> [WORK ITEM]: The required output is the run of lines from the one holding "Wederslöf Byggnadsvård" through the final line of the listing, restated word for word, with no pictures.

> [SOURCE DATA]:
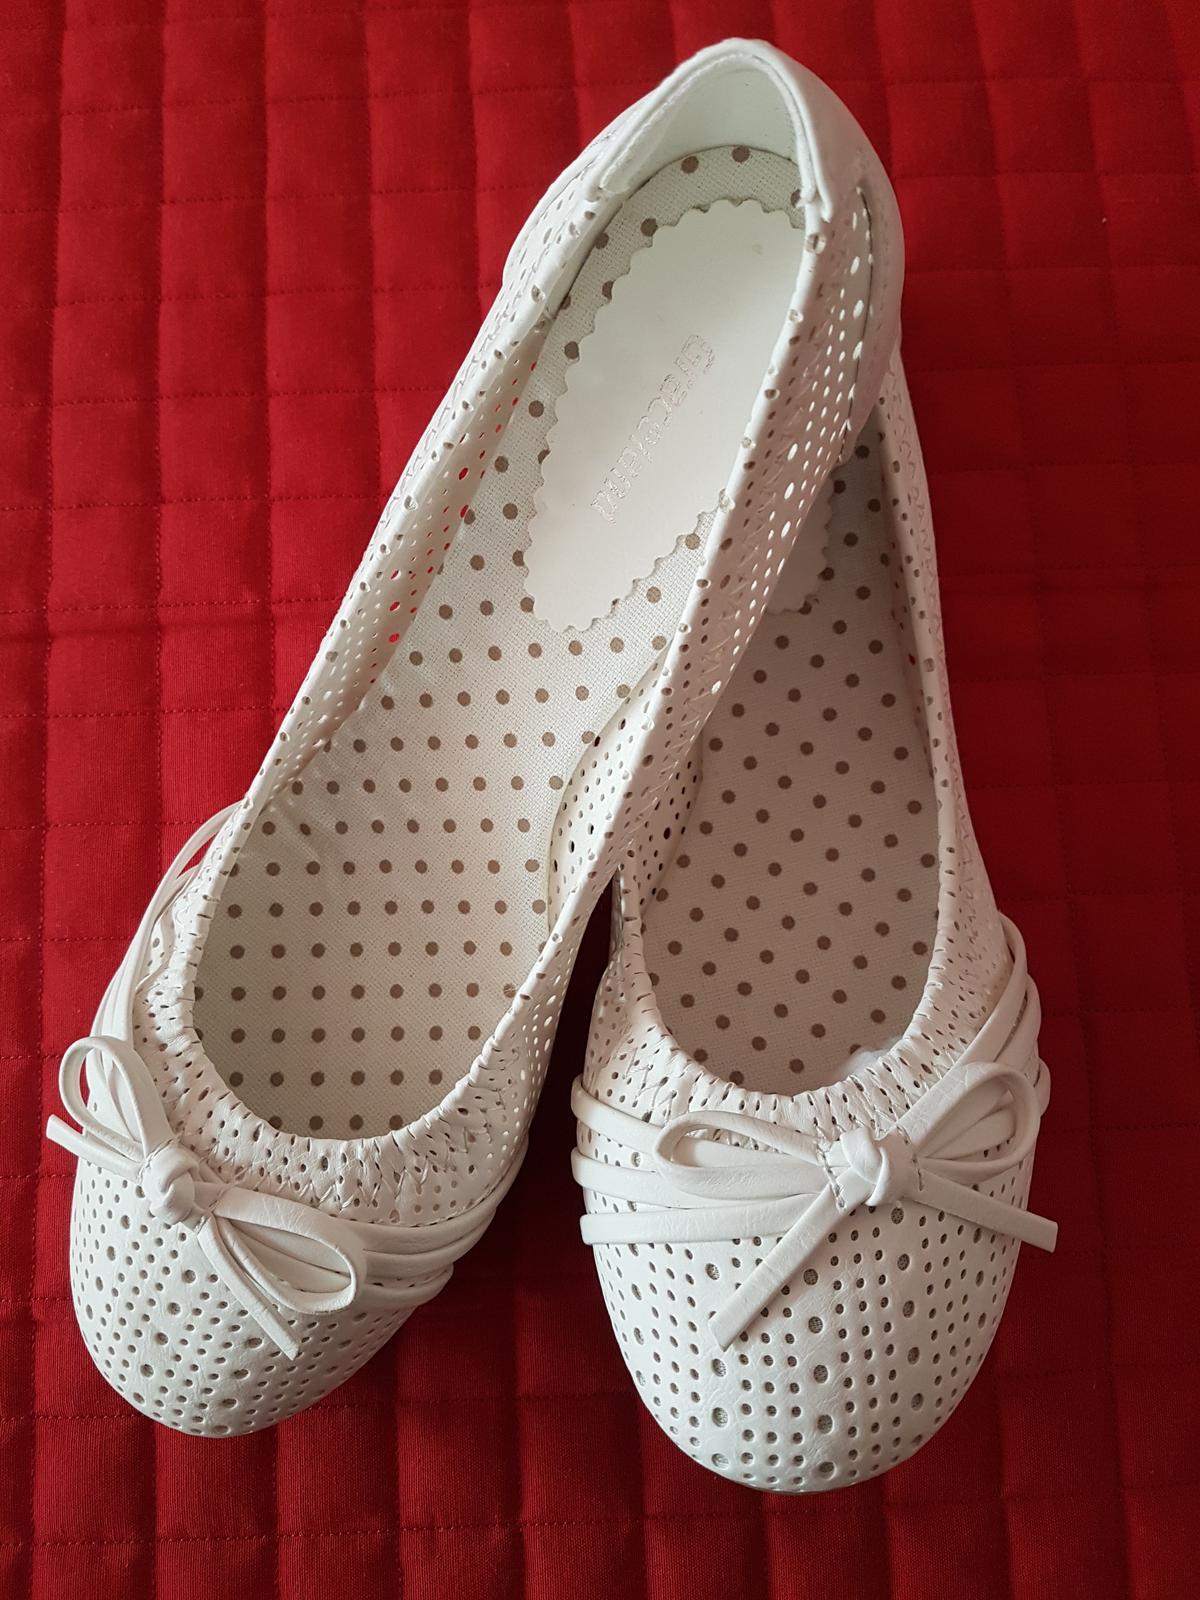 ♥07.07.2018♥ - Moje svadobné balerinky 👠
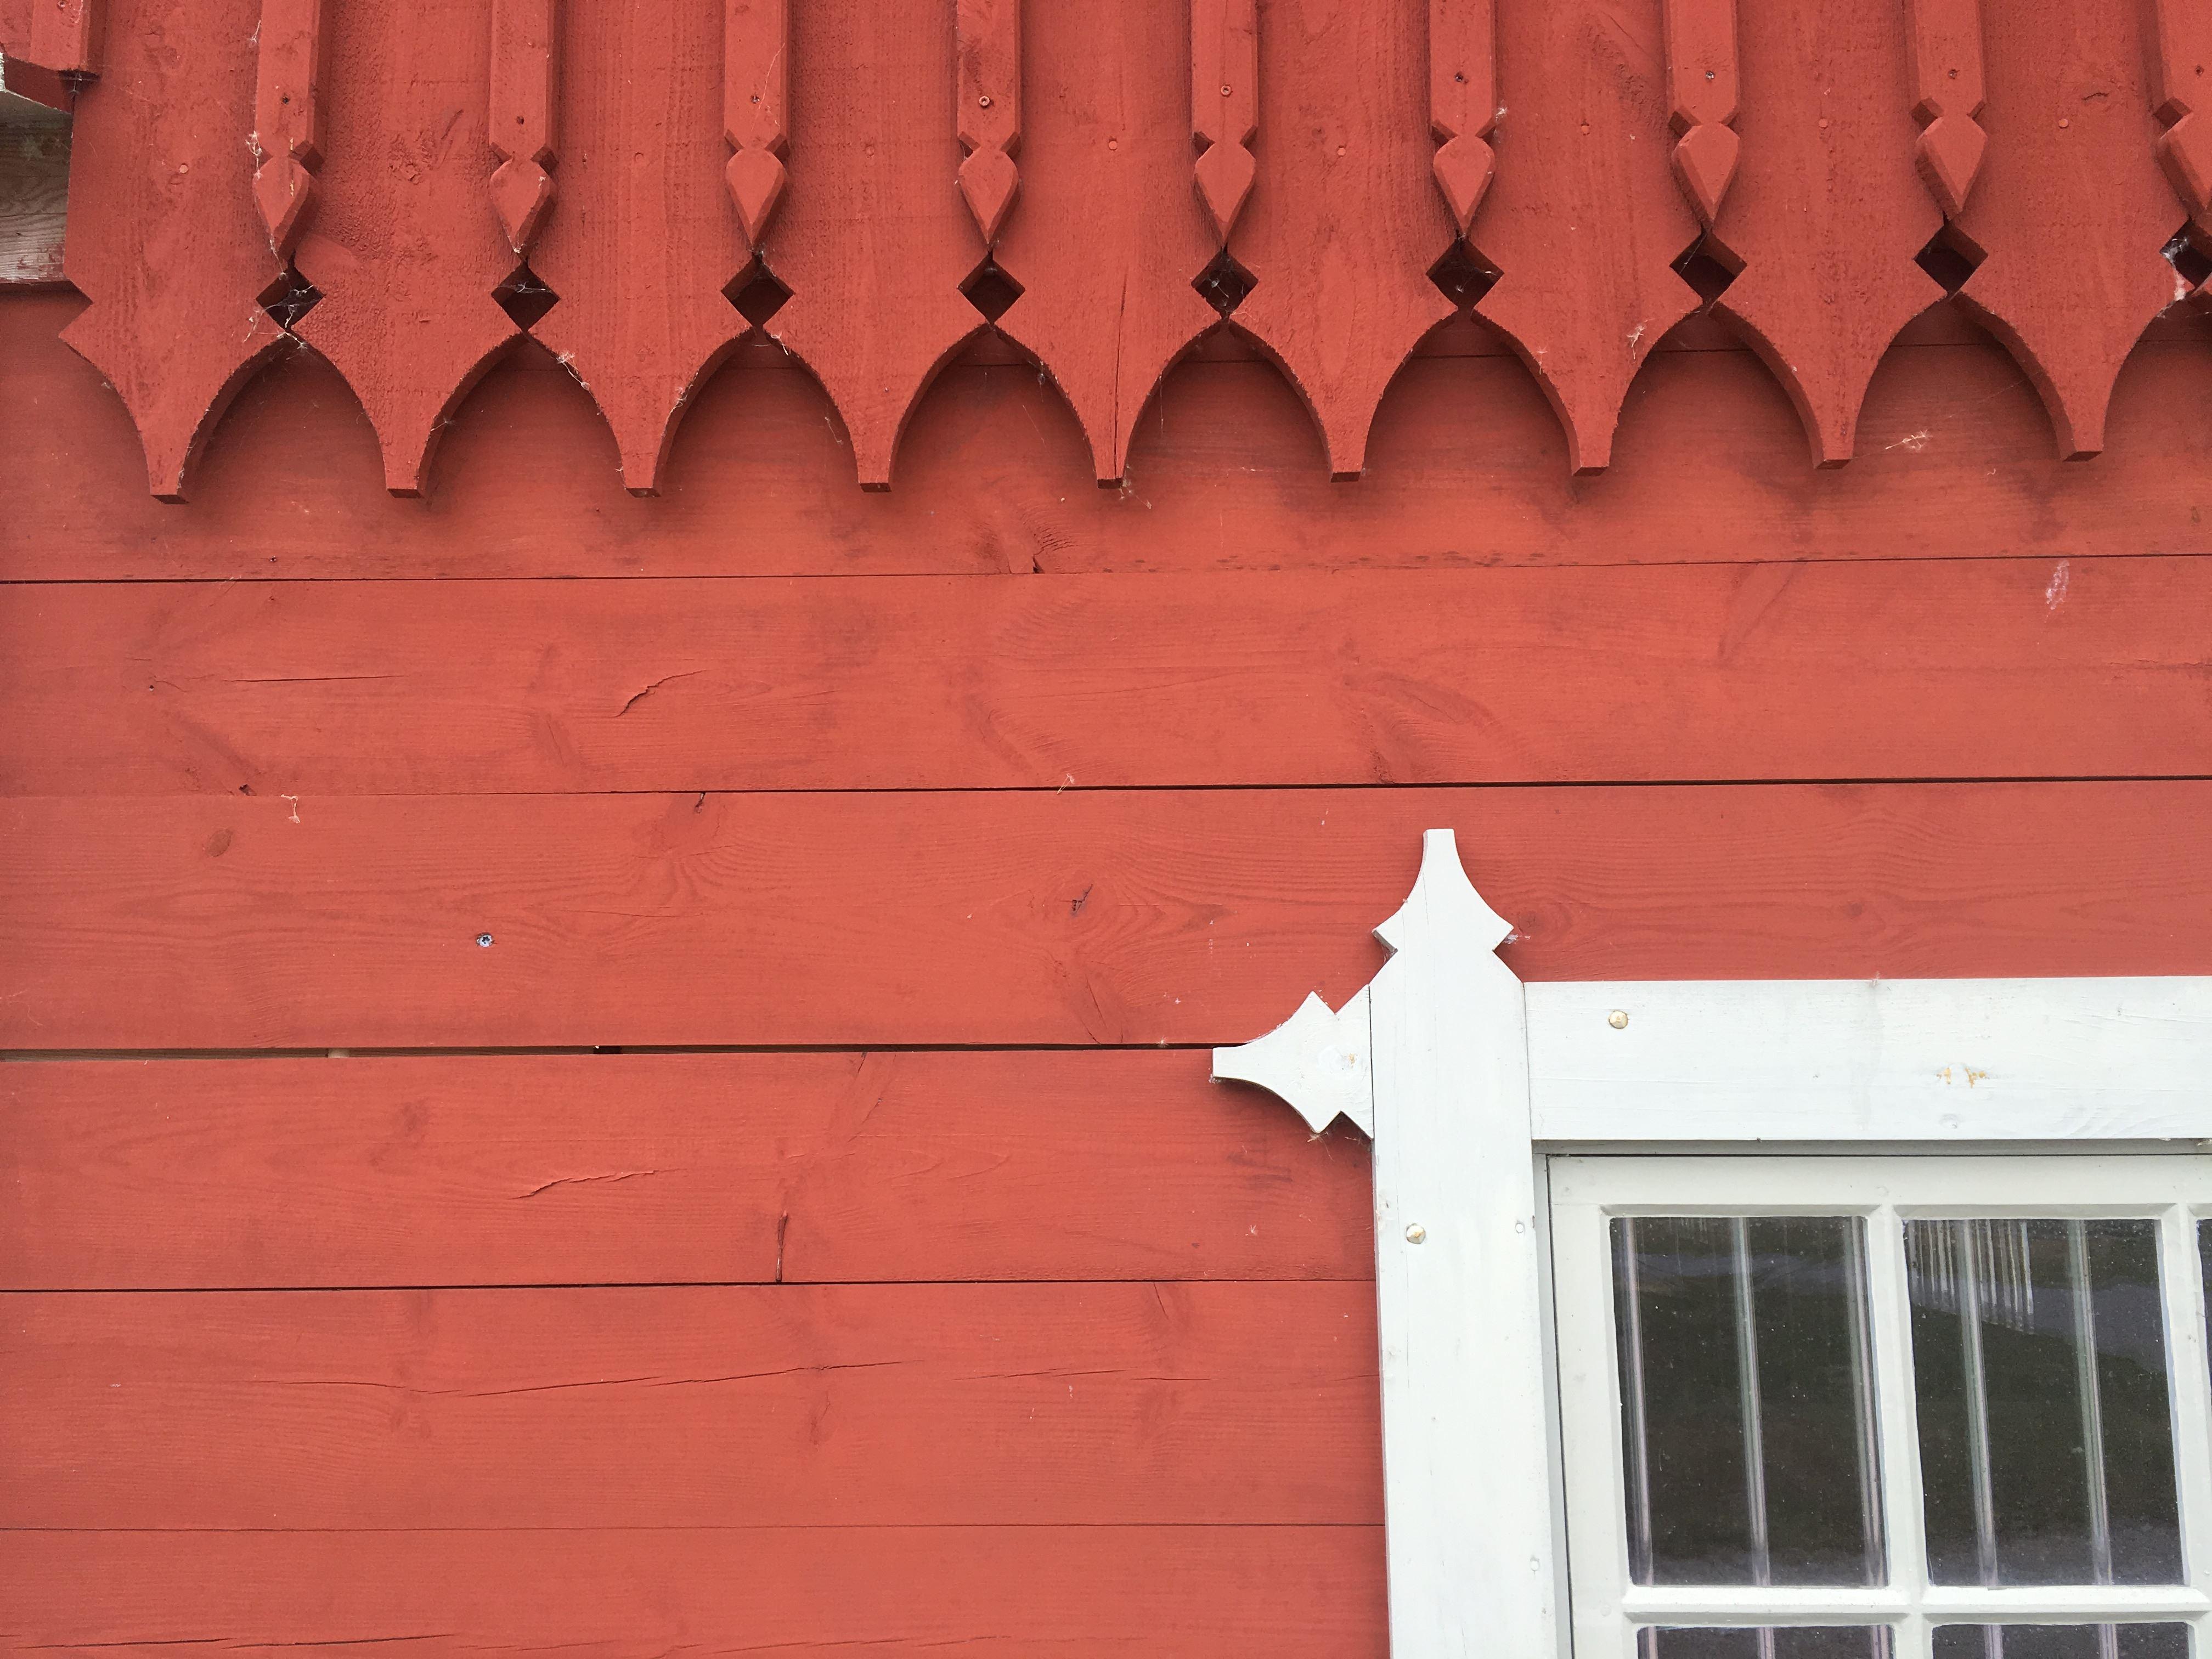 Wederslöf Byggnadsvård
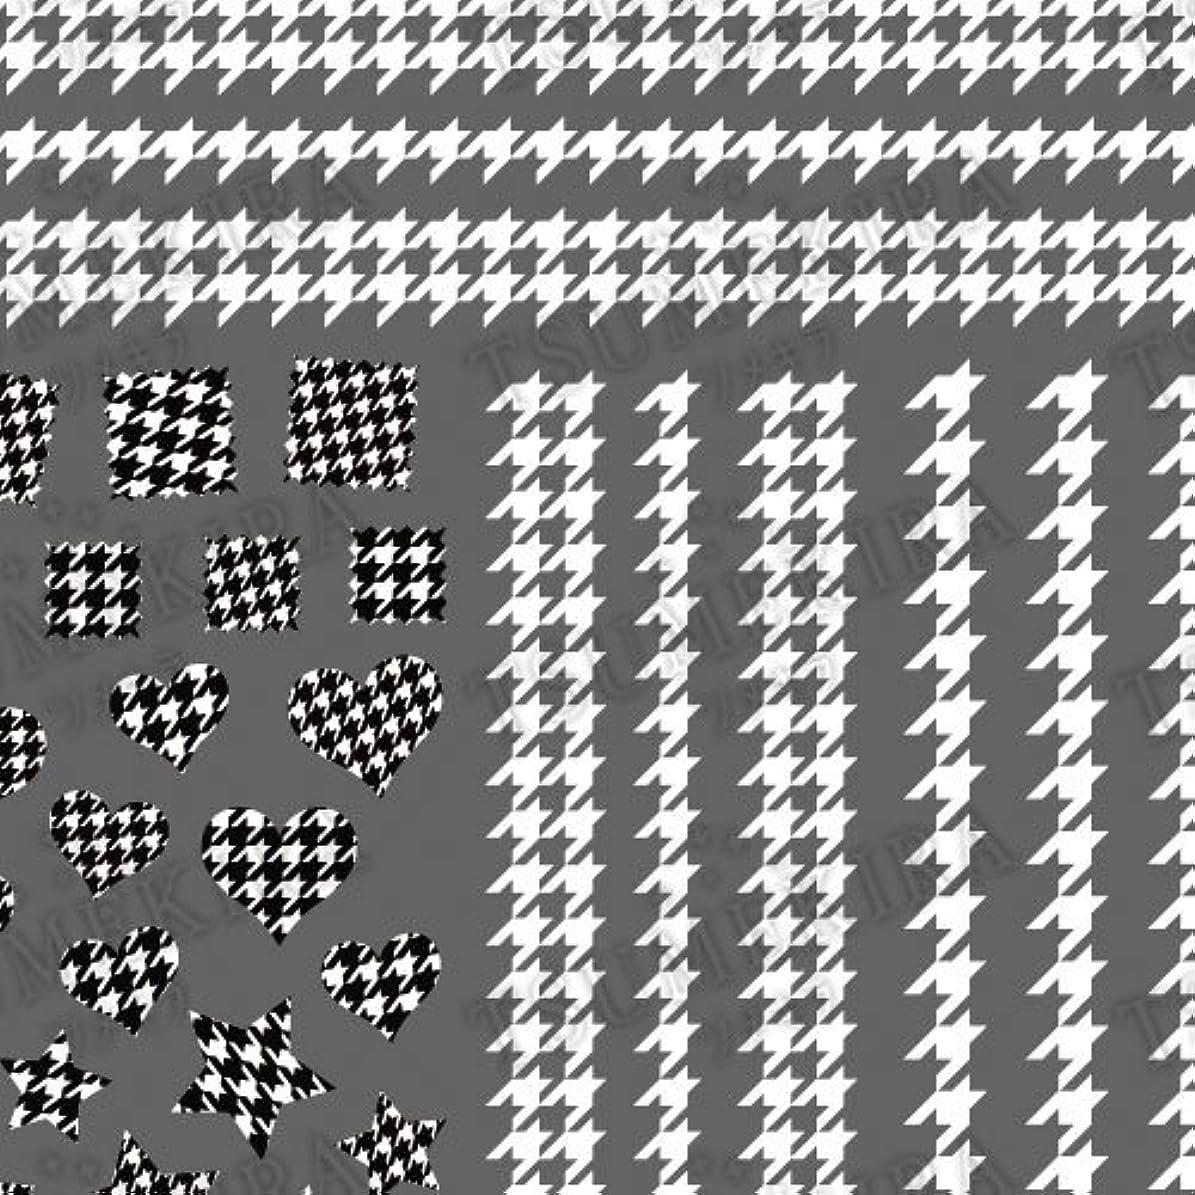 尊敬する深さ再生的ツメキラ ネイル用シール スタンダードスタイル 千鳥格子 ホワイト  NN-TEX-101

> [RESPONSE AREA]:
 Wederslöf Byggnadsvård
 尊敬する深さ再生的ツメキラ ネイル用シール スタンダードスタイル 千鳥格子 ホワイト  NN-TEX-101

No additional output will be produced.